Nov. 12 (Bloomberg) -- Chile’s peso dropped on concern a global economic slowdown will reduce demand for copper, the country’s main export.

The peso weakened 0.2 percent to 480.52 per dollar at the close in Santiago. The currency has traded between 472 per dollar and 483 per dollar since Oct. 23.

Concern the expansion will falter in the global economy is mounting as the U.S. faces more than $600 billion in mandated spending cuts and tax increases starting Jan. 1, known as the fiscal cliff, unless President Barack Obama and congress agree on a deficit-reduction plan.

“There are arguments in the domestic economy to support a strong peso,” including stable interest rates, said Cristian Donoso, a trader at Banchile Corredores de Bolsa SA in Santiago. “Yet offshore there’s the U.S fiscal cliff, the sagas of Greece and Spain and weakening copper. Those things play a against each other.”

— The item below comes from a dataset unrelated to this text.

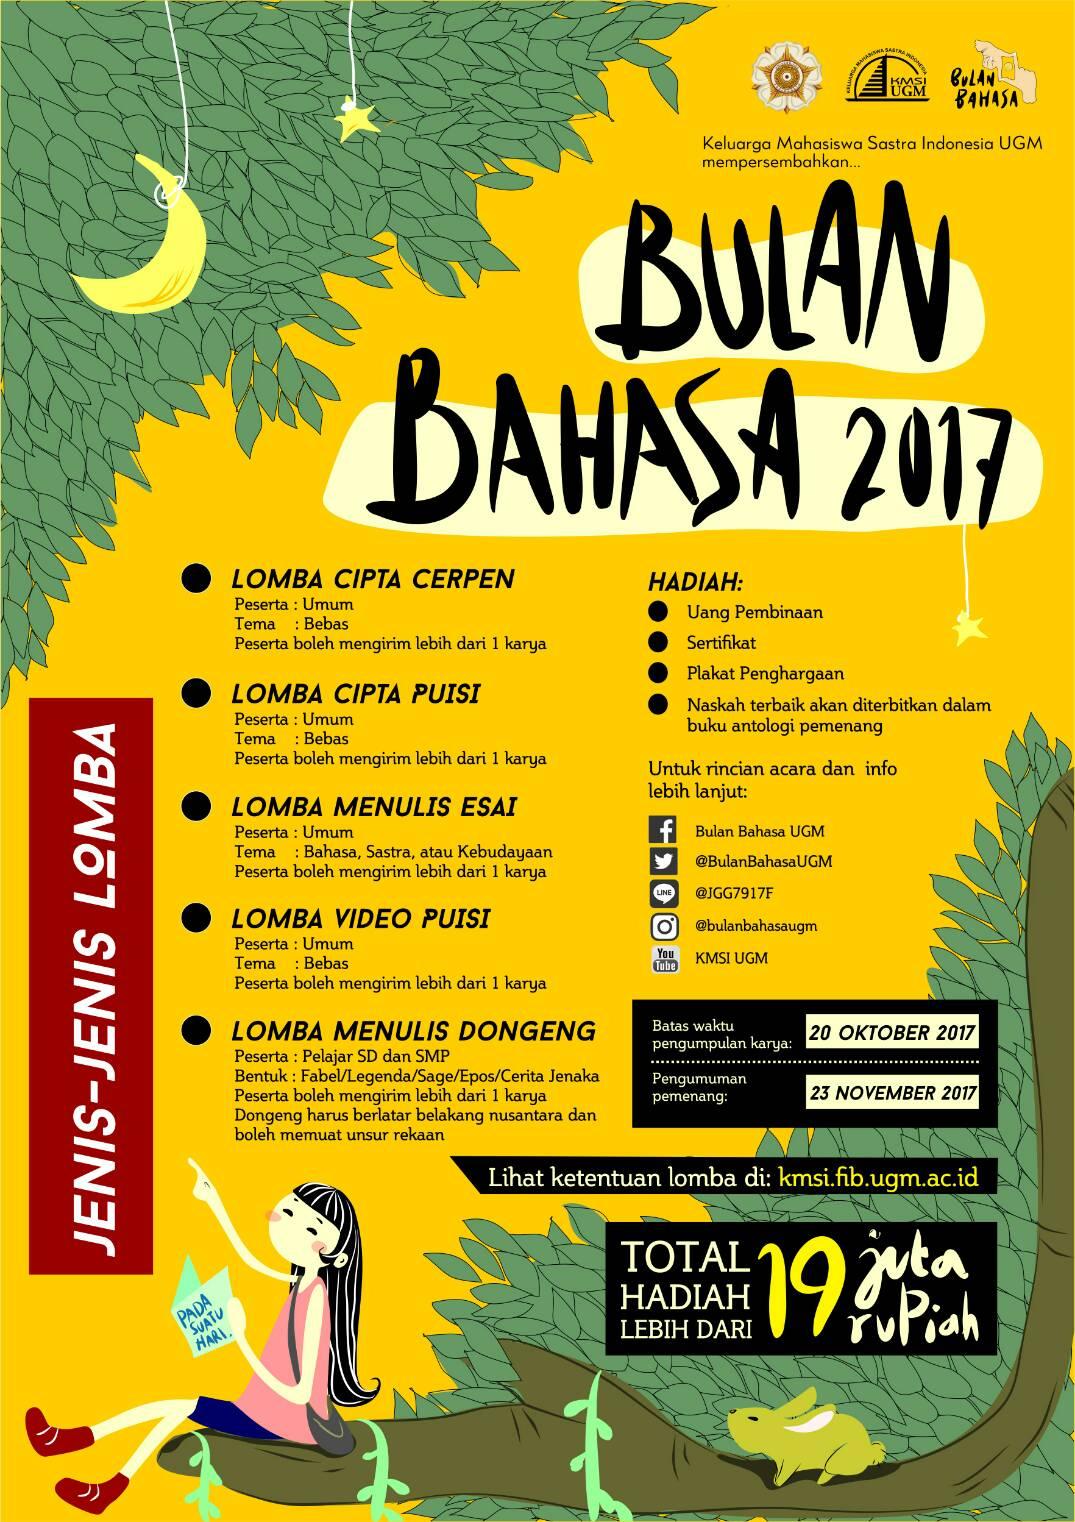 Lomba Cipta Cerpen Bulan Bahasa 2017 | Univ. Gadjah Mada | Umum

Chilean policy makers will probably leave the overnight rate unchanged tomorrow at 5 percent, according to the mean estimate of 13 economists surveyed by Bloomberg.

The peso has appreciated 8.1 percent this year, the second-biggest gainer among emerging-market currencies after the Hungarian forint, as the central bank held its benchmark interest rate unchanged since January.

The country is the biggest copper producer in the world and the metal, which made up 60.7 percent of the country’s exports last month, reached a 12-week intraday low on Nov. 9.

The one-year interest-rate swap rate rose two basis points, or 0.02 percentage point, to 5 percent today.